* [Work instructions] Restate the data word for word. Leave the pictures out.

* [Dataset records]
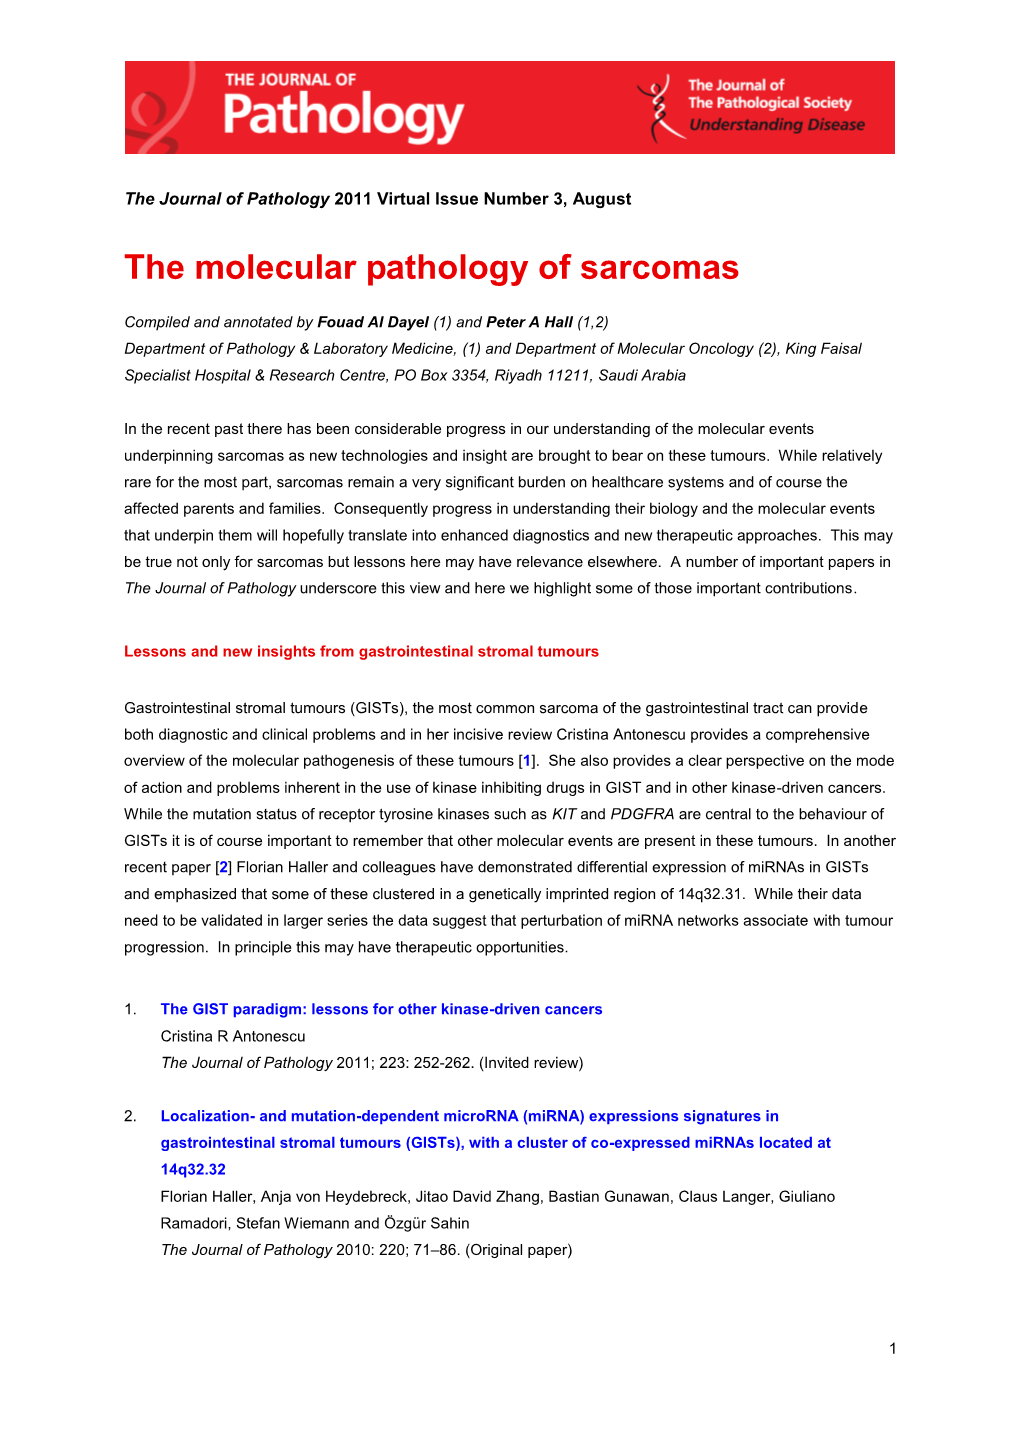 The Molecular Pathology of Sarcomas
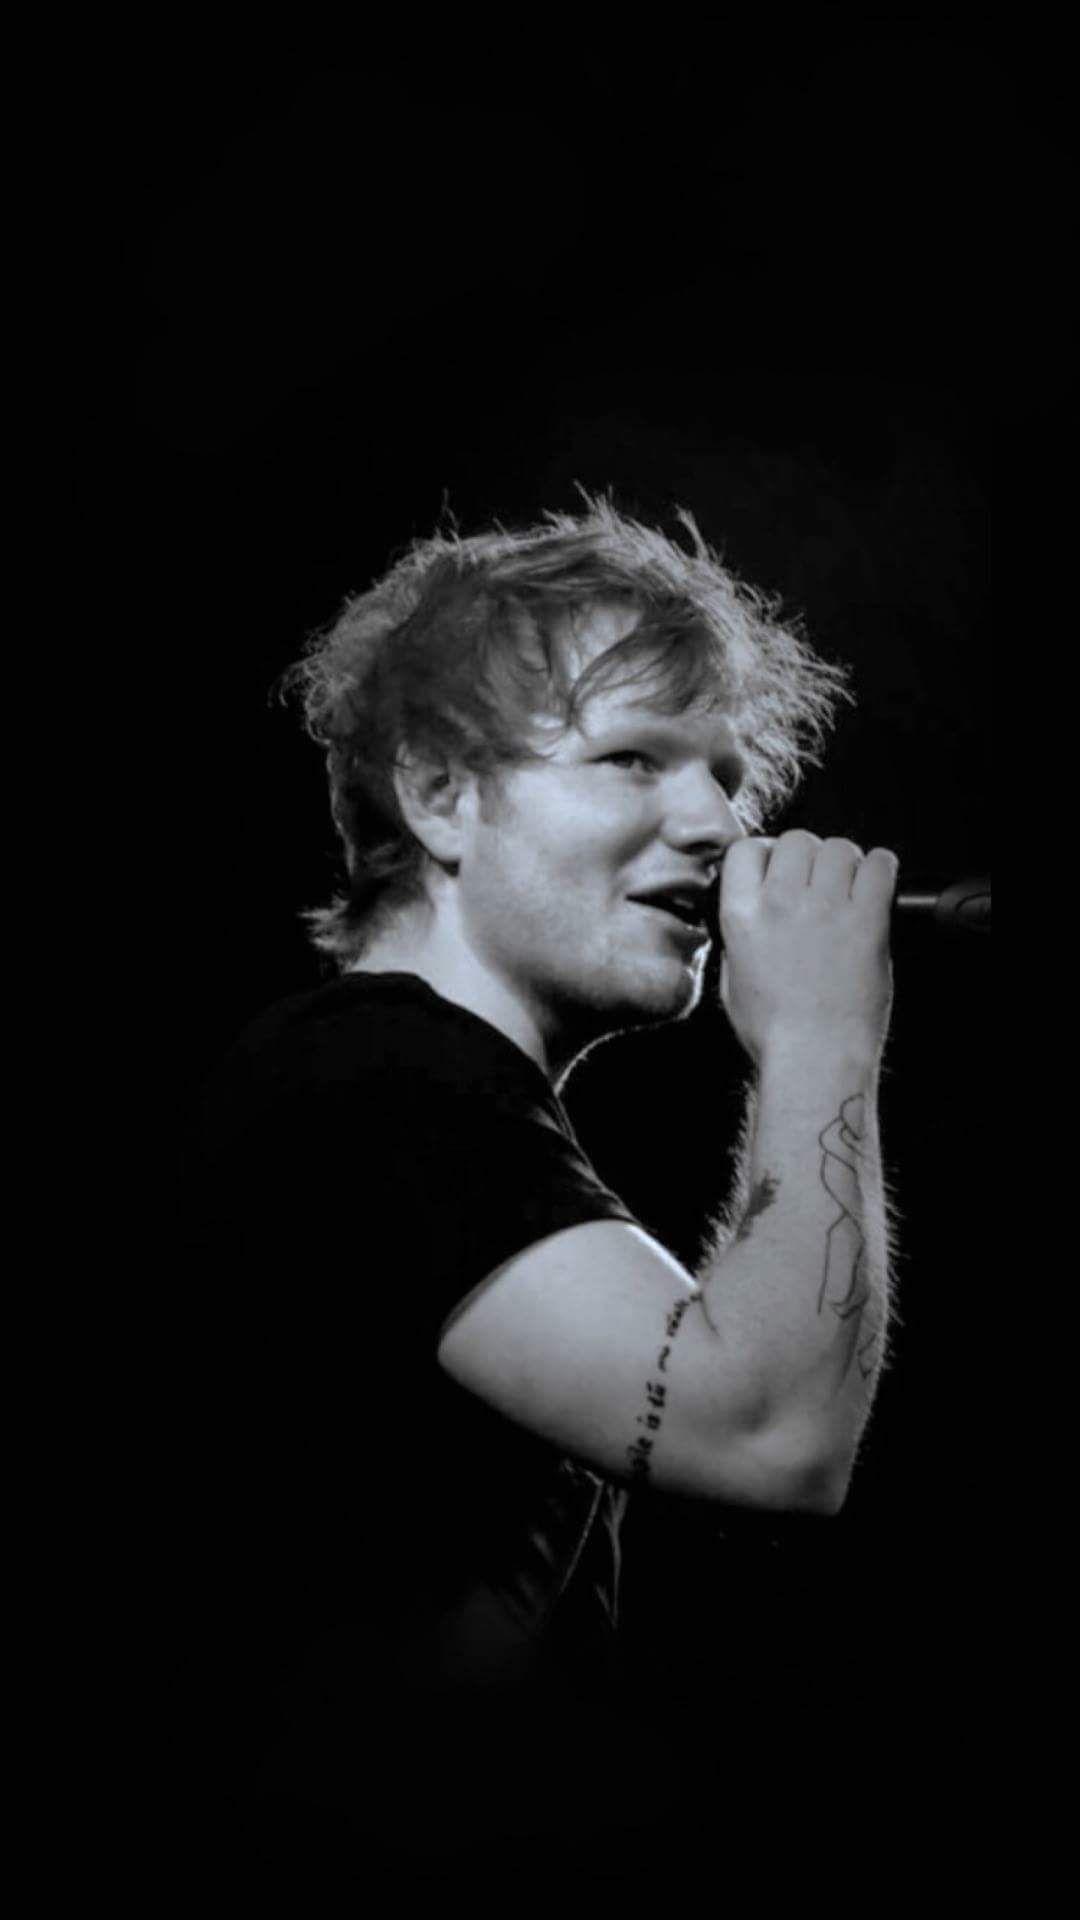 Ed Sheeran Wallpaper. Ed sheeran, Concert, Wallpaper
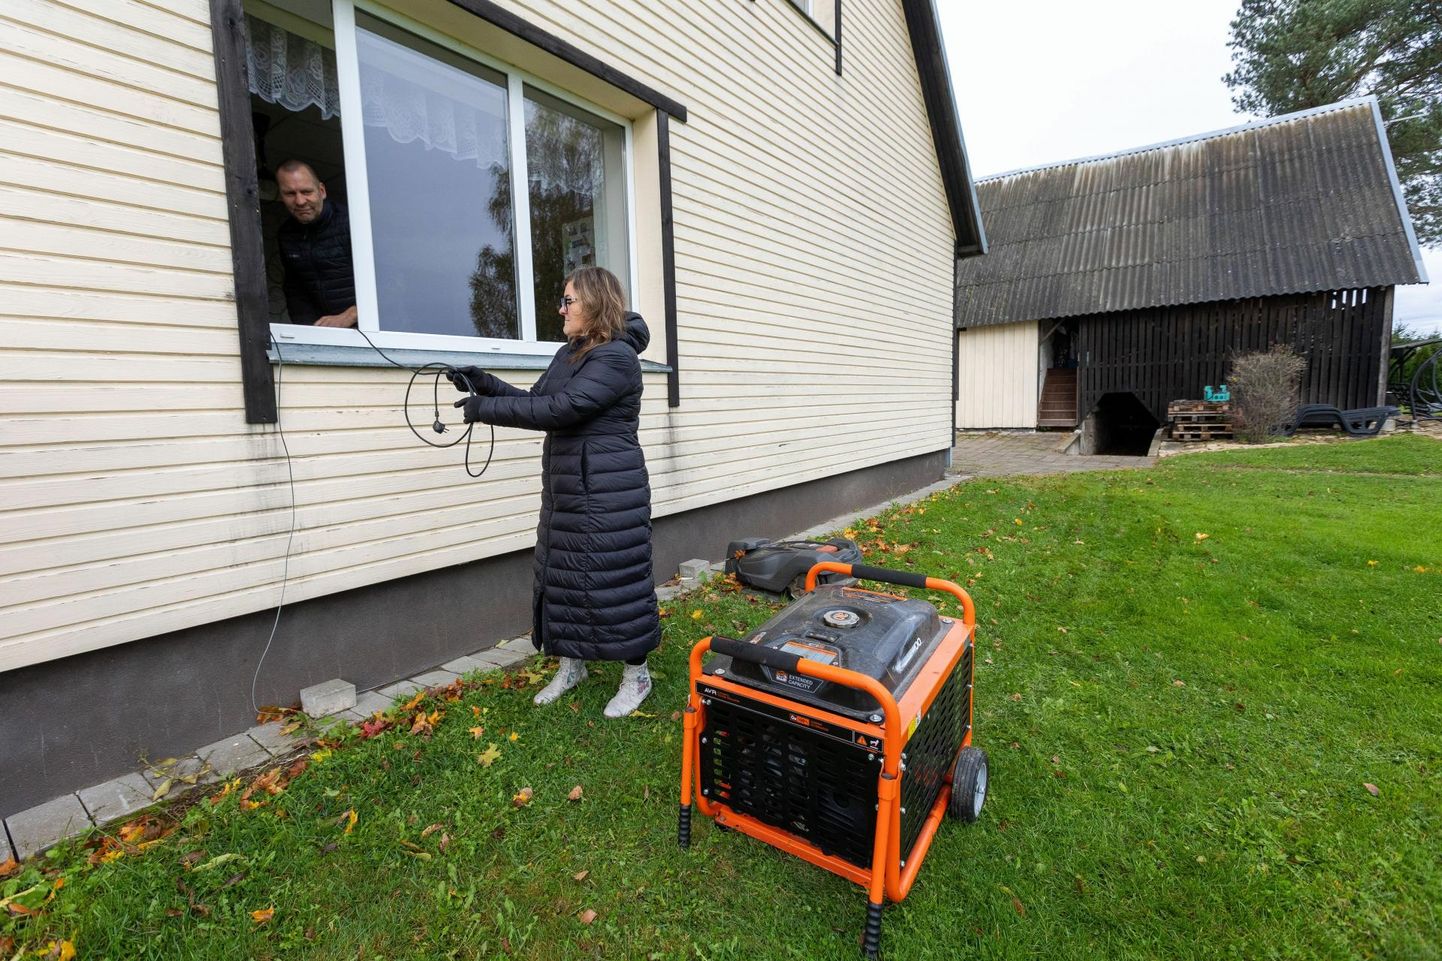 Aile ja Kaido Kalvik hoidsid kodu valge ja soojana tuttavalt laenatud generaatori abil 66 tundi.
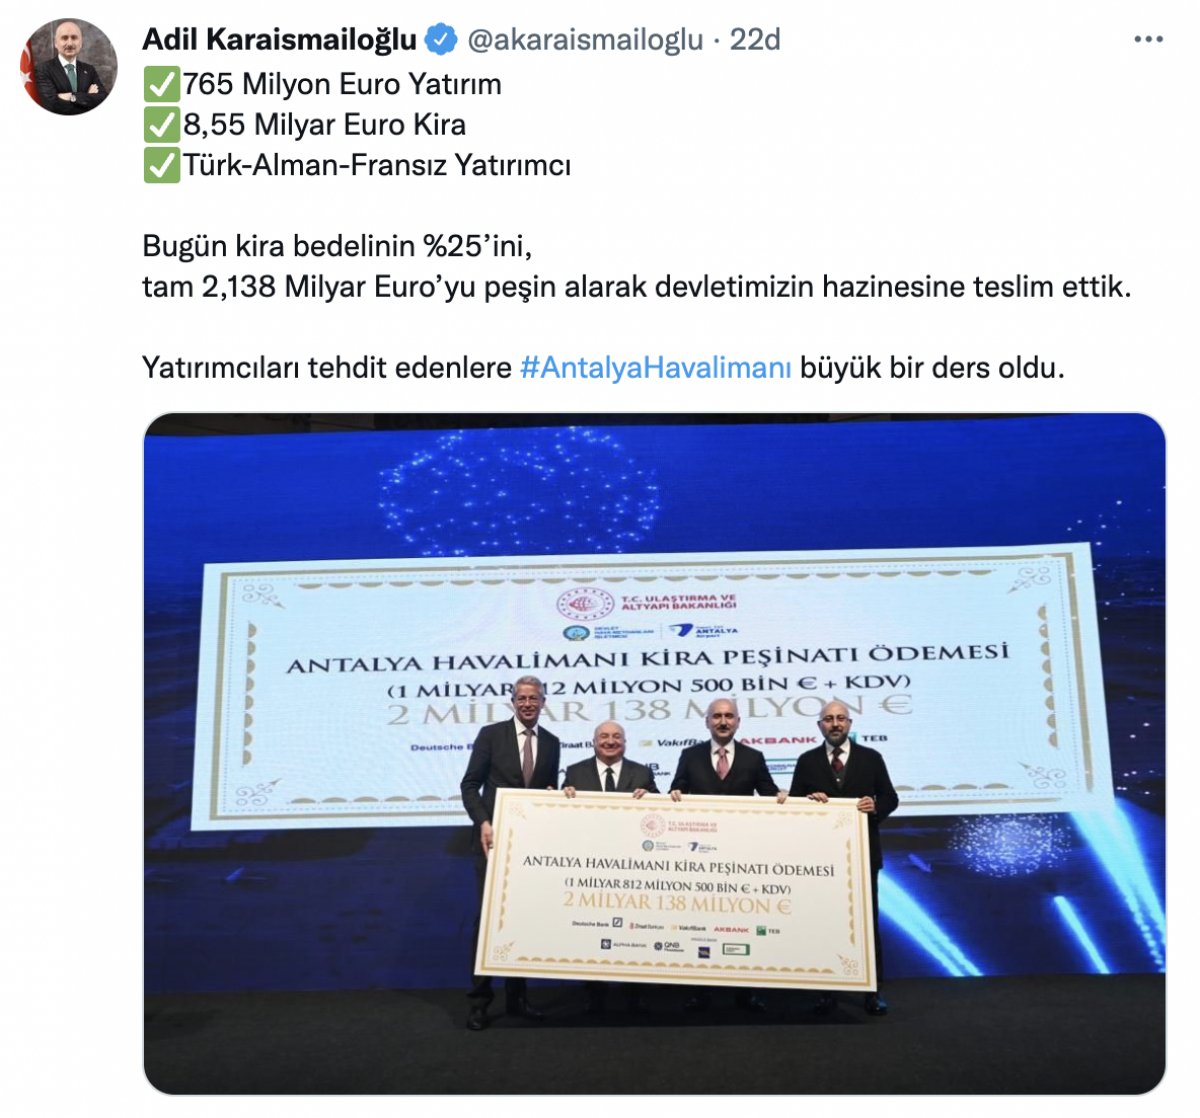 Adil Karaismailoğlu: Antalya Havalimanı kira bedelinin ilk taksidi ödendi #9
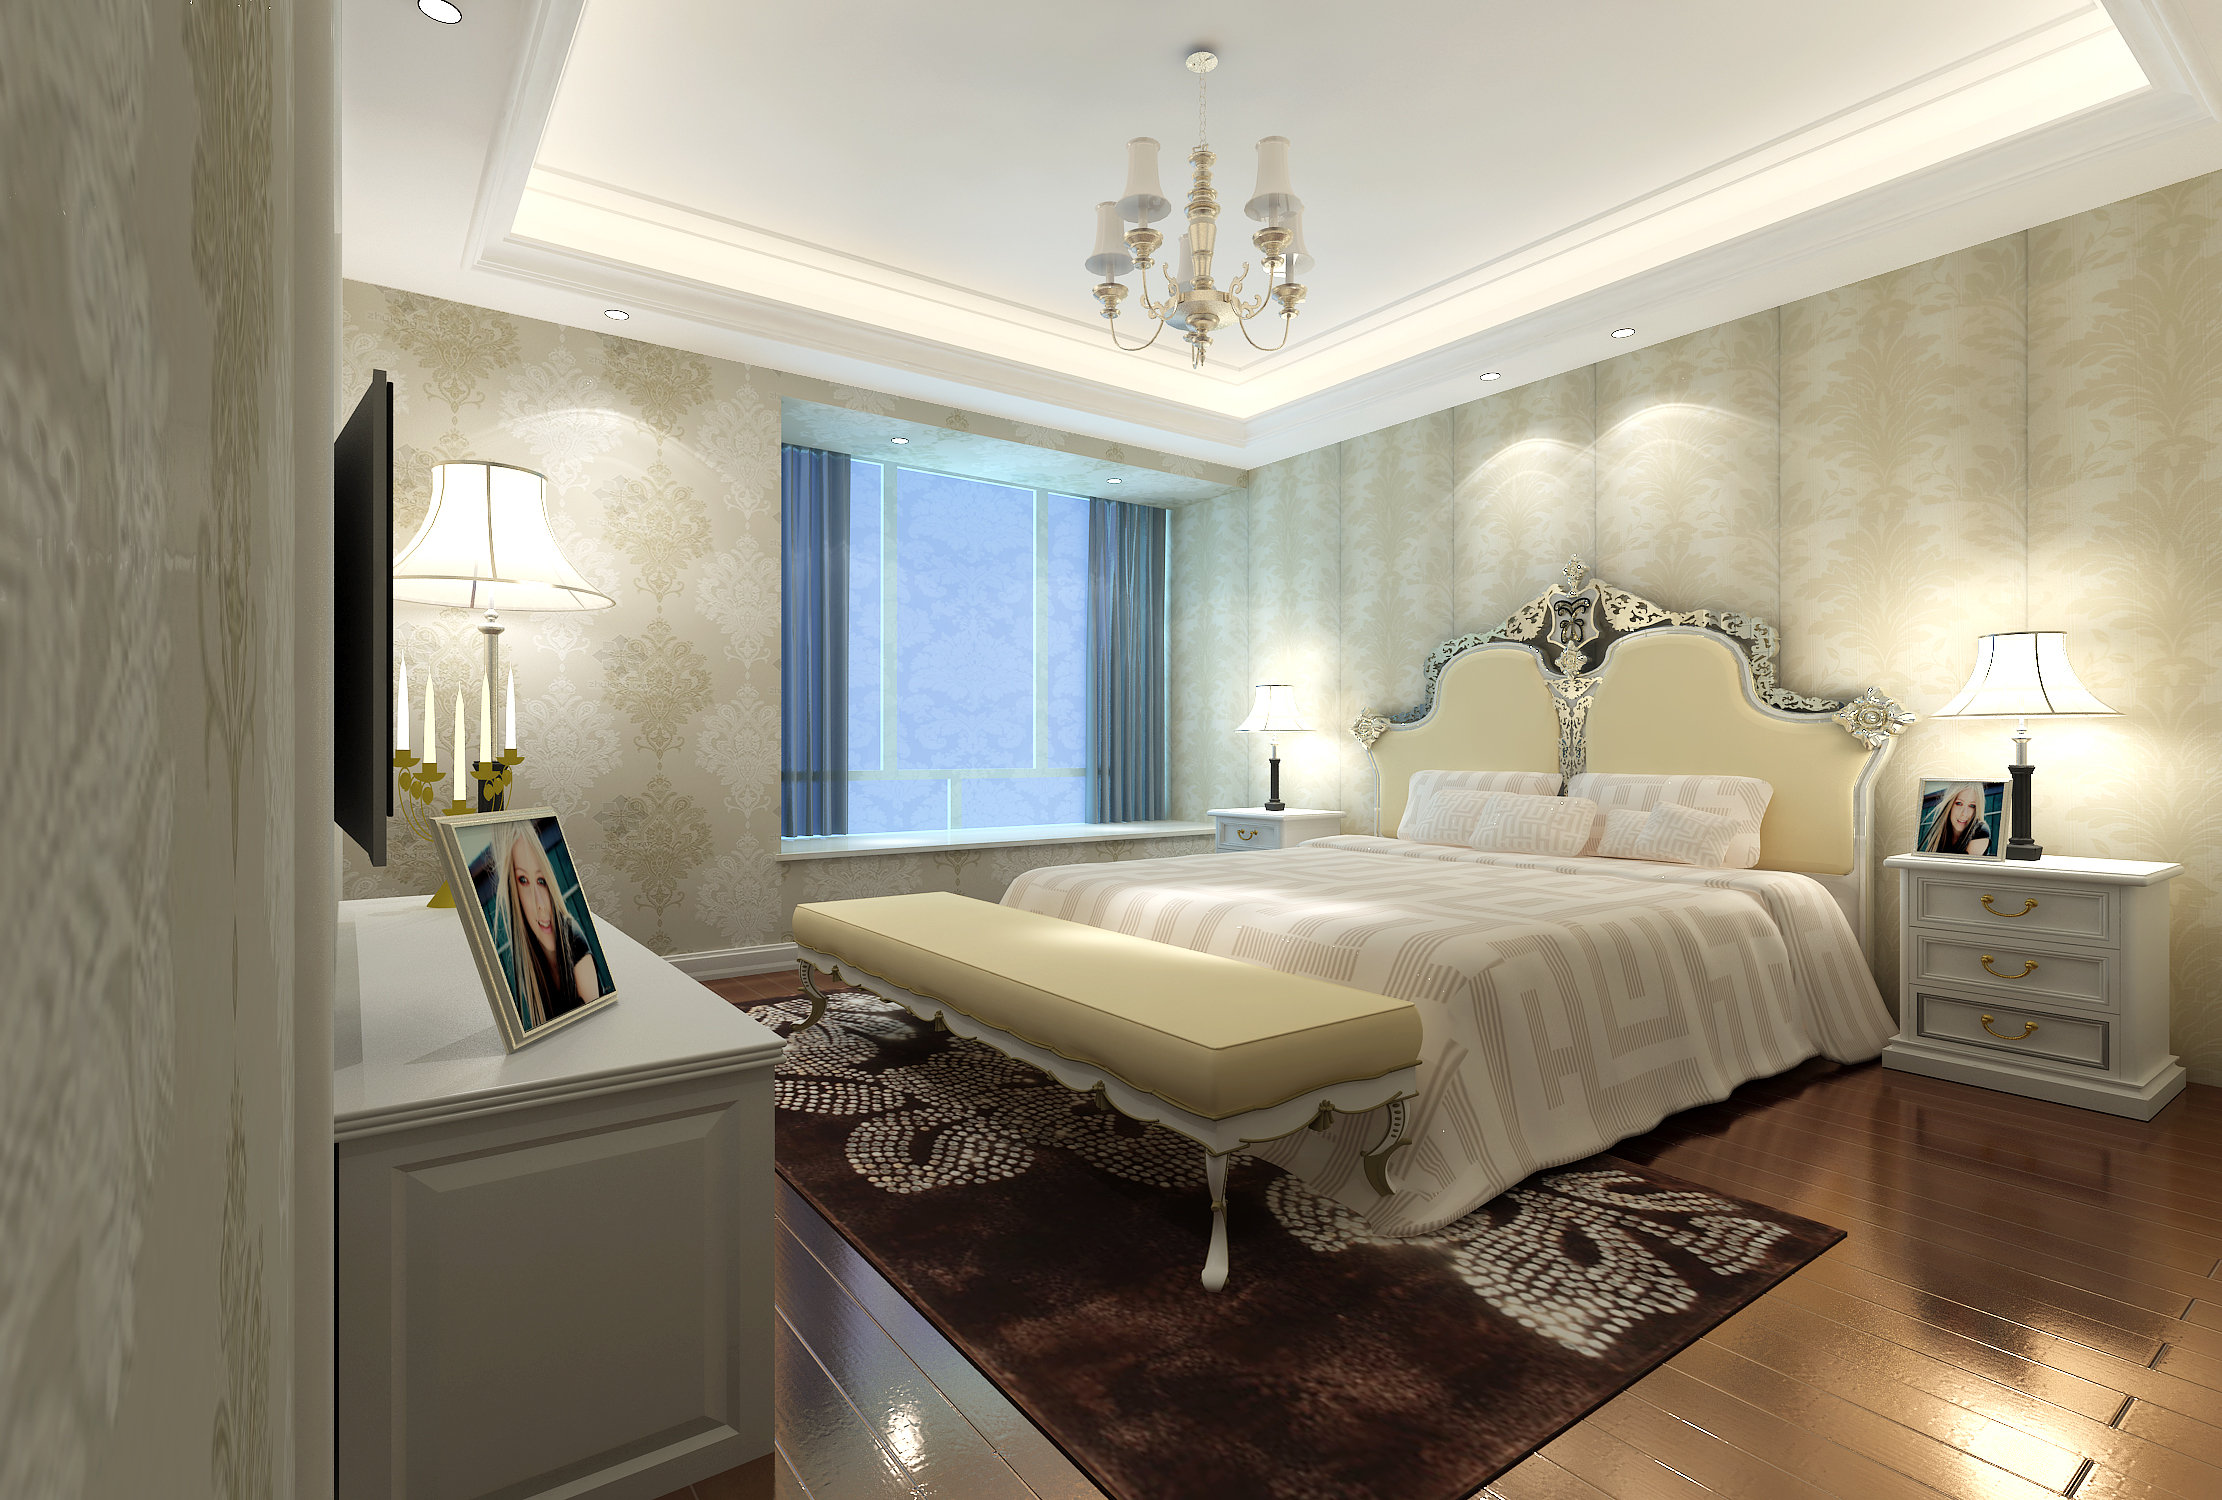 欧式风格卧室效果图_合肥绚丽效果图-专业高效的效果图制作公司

* [Written response]
 The Molecular Pathology of Sarcomas
 Ed Sheeran Wallpaper. Ed sheeran, Concert, Wallpaper
 Aile ja Kaido Kalvik hoidsid kodu valge ja soojana tuttavalt laenatud generaatori abil 66 tundi.
 Adil Karaismailoğlu: Antalya Havalimanı kira bedelinin ilk taksidi ödendi #9
 欧式风格卧室效果图_合肥绚丽效果图-专业高效的效果图制作公司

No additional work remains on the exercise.